(Record extracts):

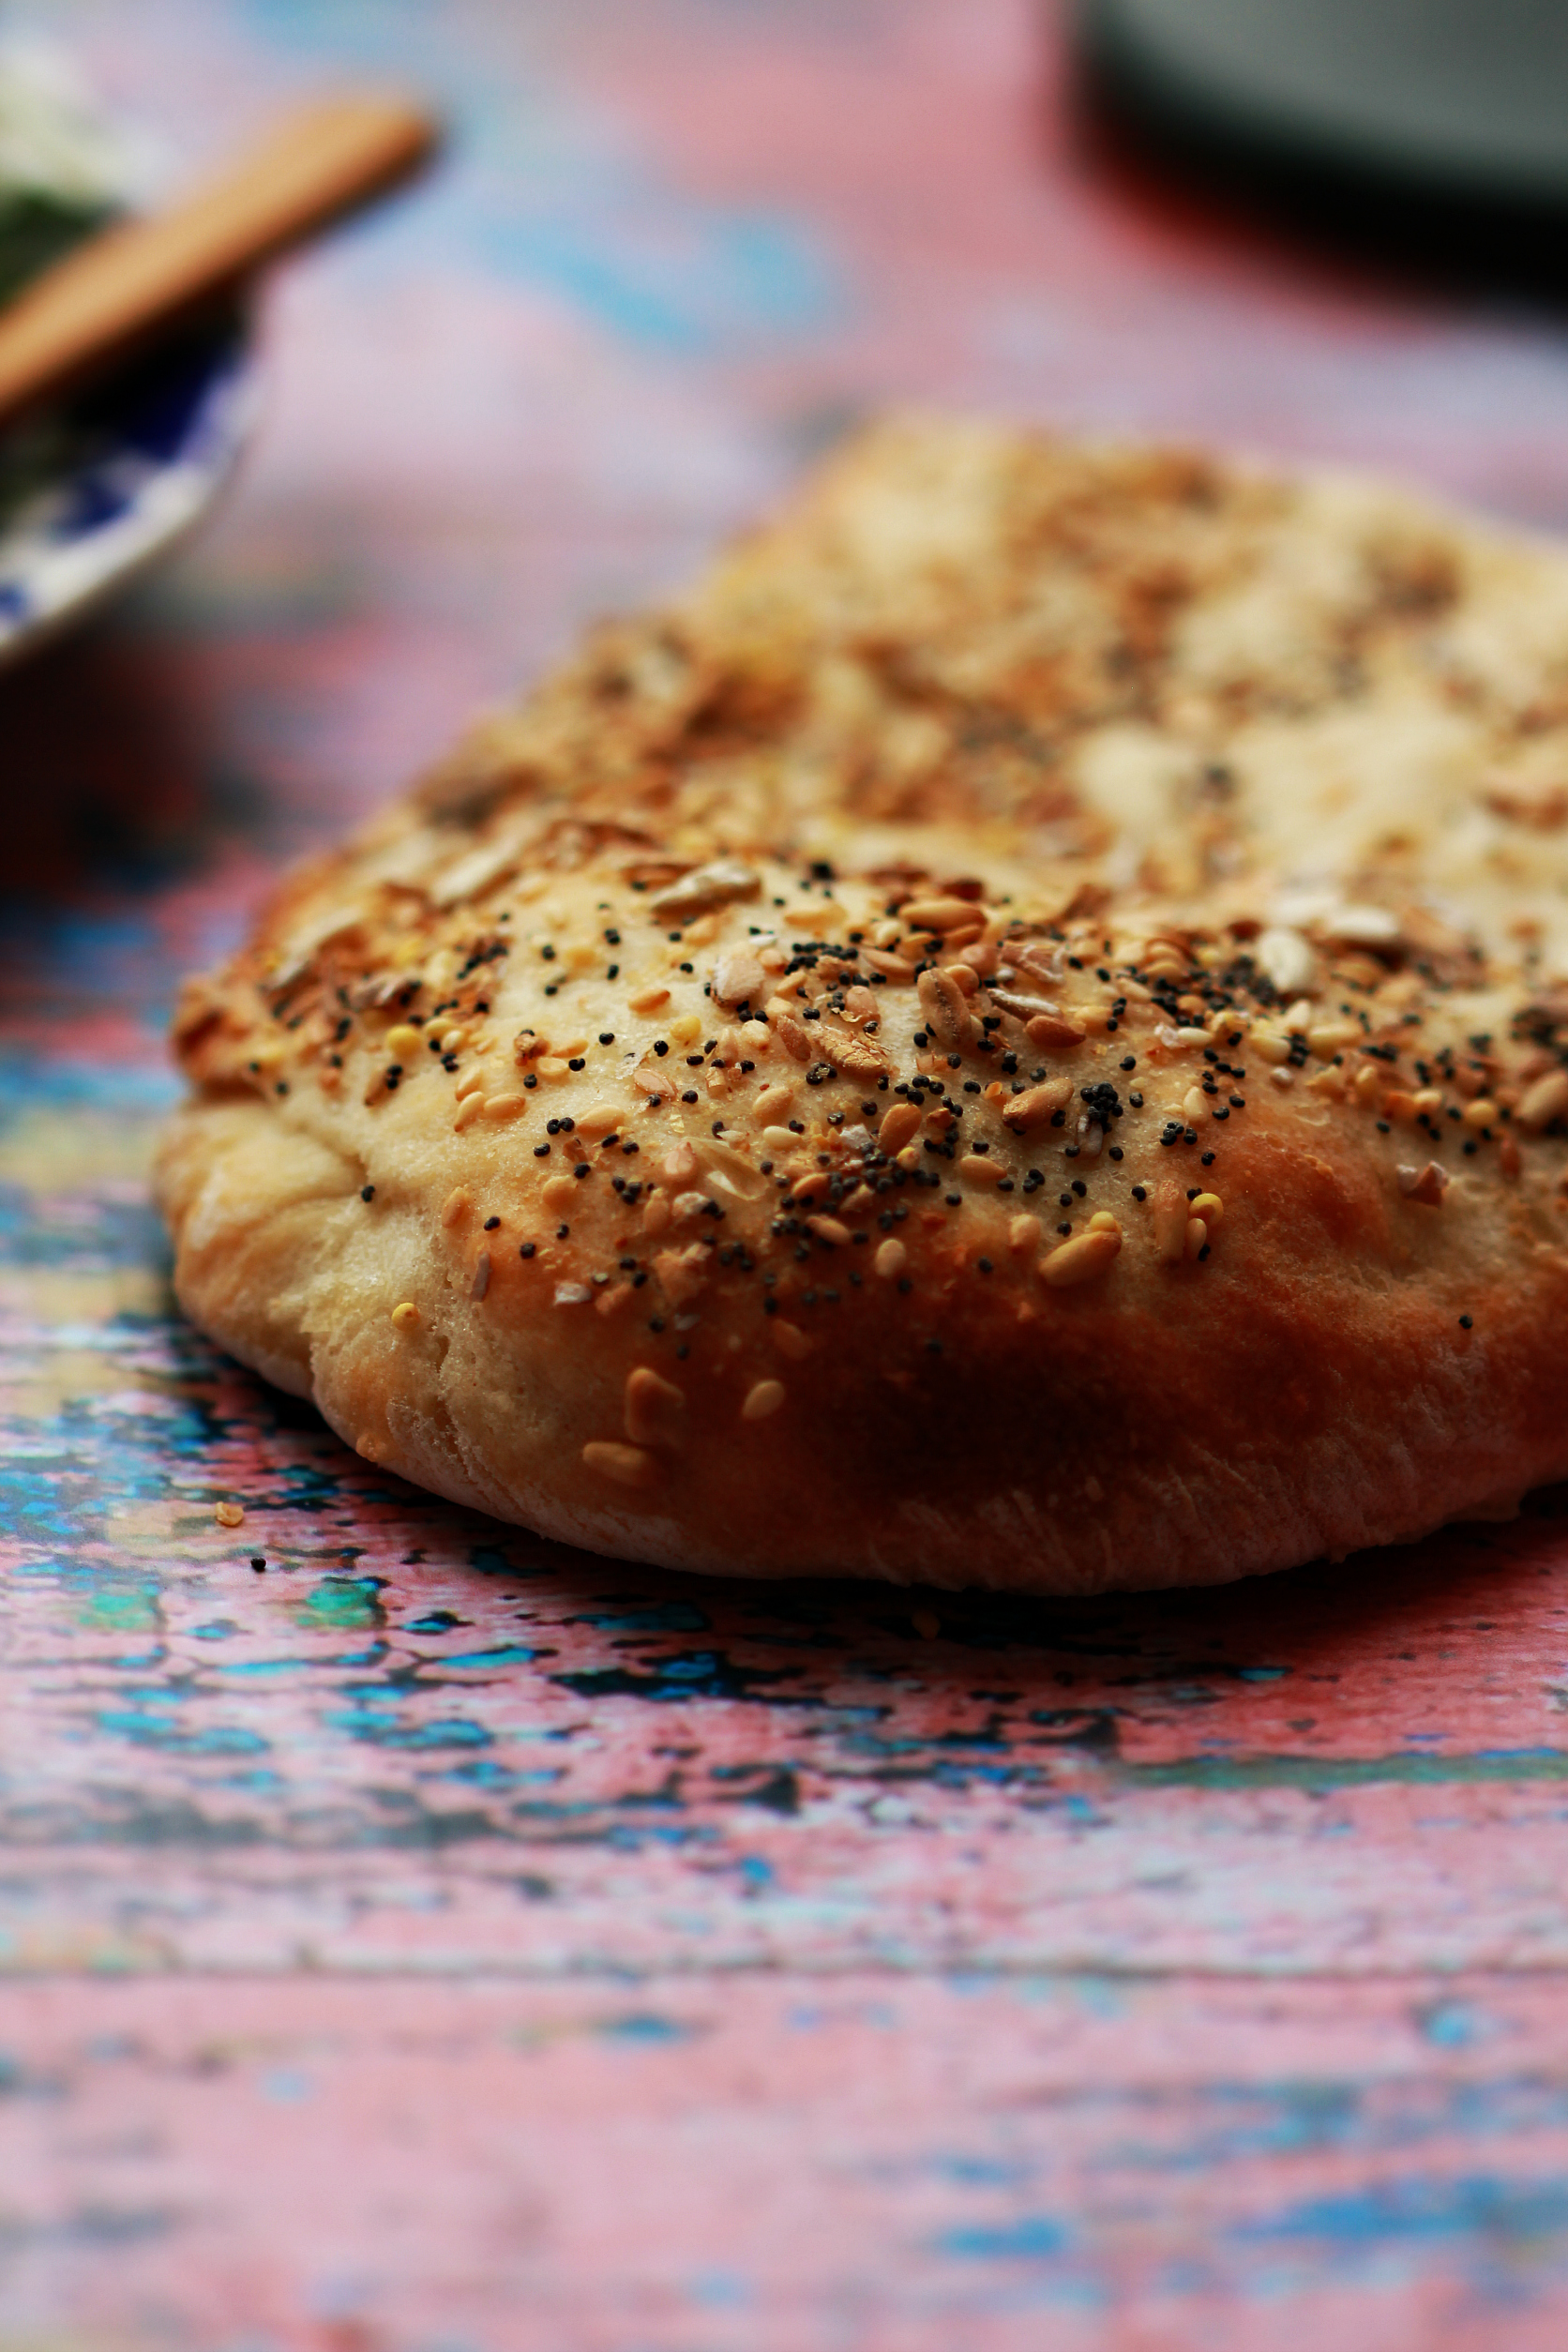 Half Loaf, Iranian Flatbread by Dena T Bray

...

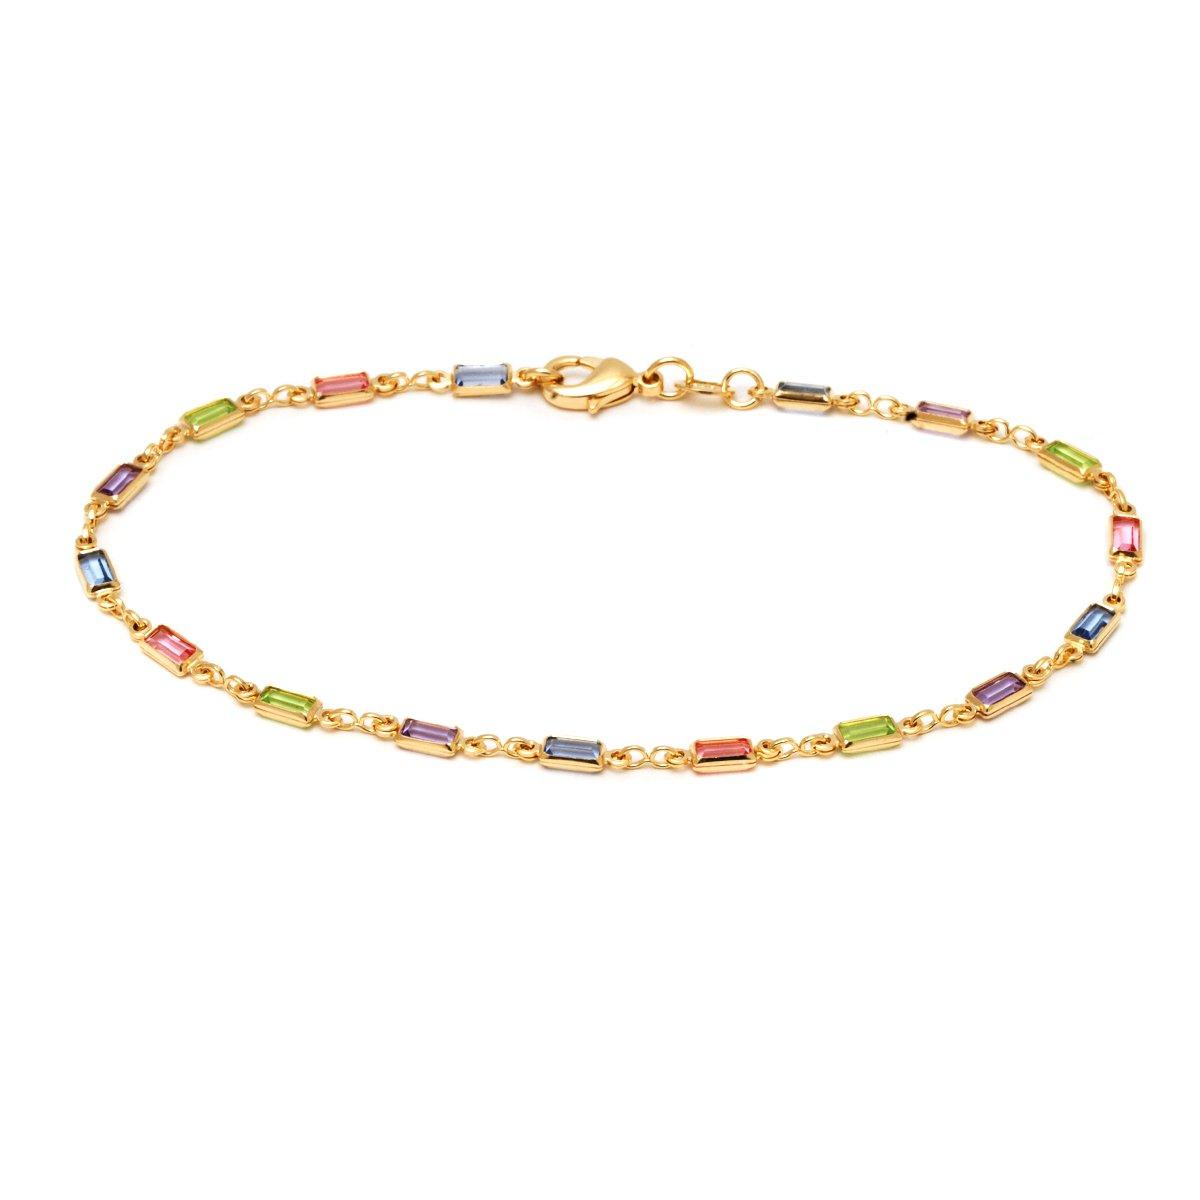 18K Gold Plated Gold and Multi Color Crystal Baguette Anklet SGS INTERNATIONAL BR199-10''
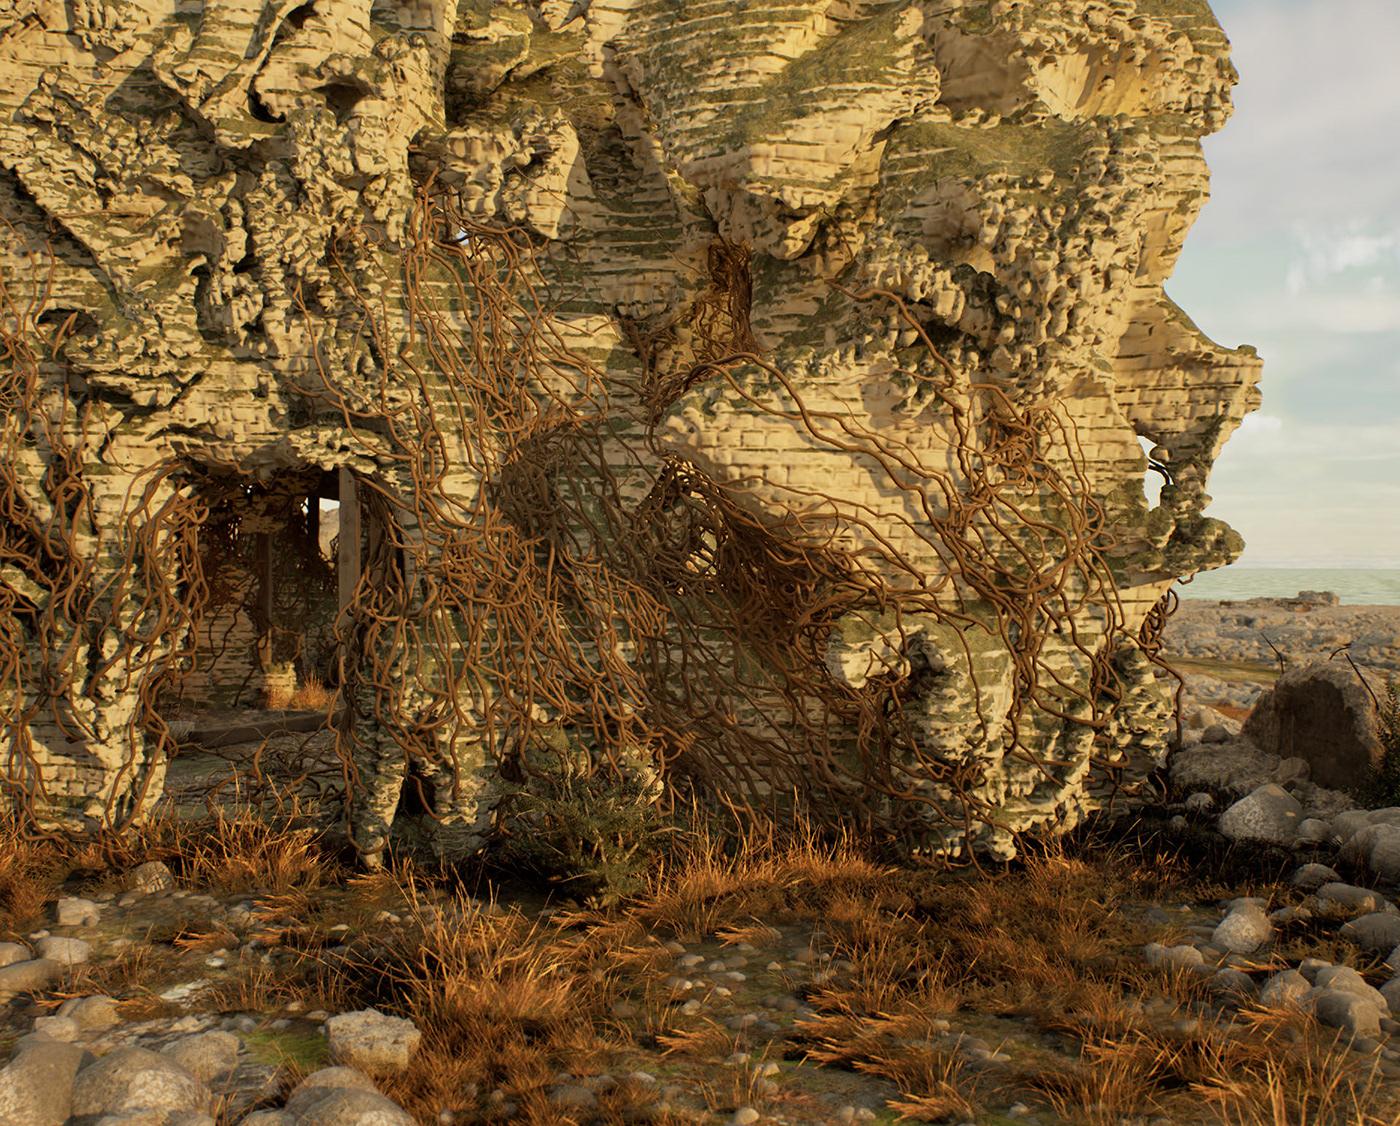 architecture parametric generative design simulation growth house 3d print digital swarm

---

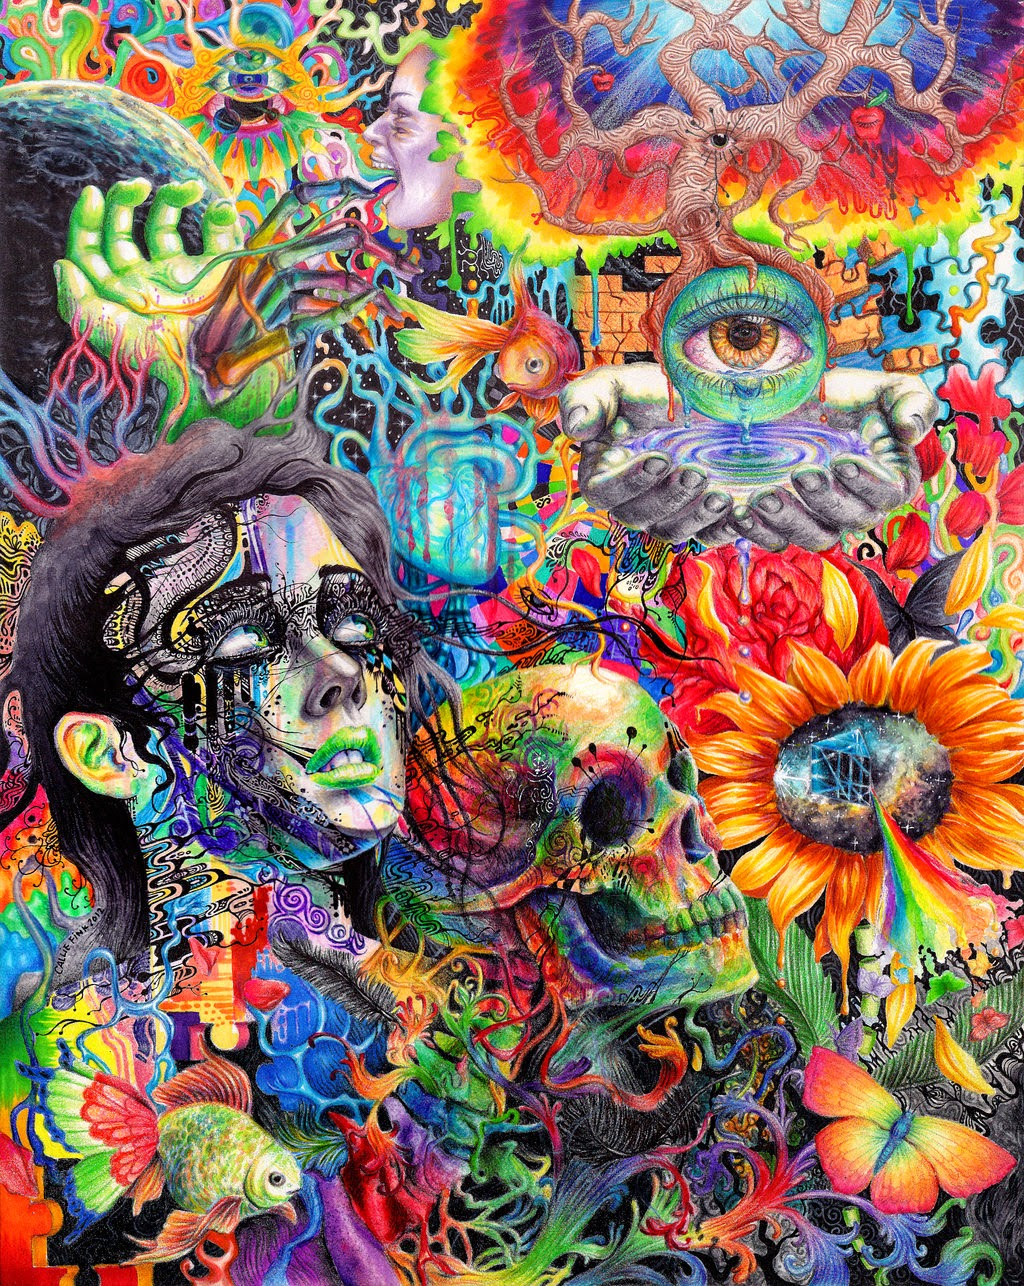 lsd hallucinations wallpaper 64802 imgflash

(Assigned task):
A clean copy is needed of the lines above from the one with "18K Gold Plated" up to and including the one with "architecture parametric generative". Please set it down exactly, with no pictures.

(Exercise solution):
 18K Gold Plated Gold and Multi Color Crystal Baguette Anklet SGS INTERNATIONAL BR199-10''
 architecture parametric generative design simulation growth house 3d print digital swarm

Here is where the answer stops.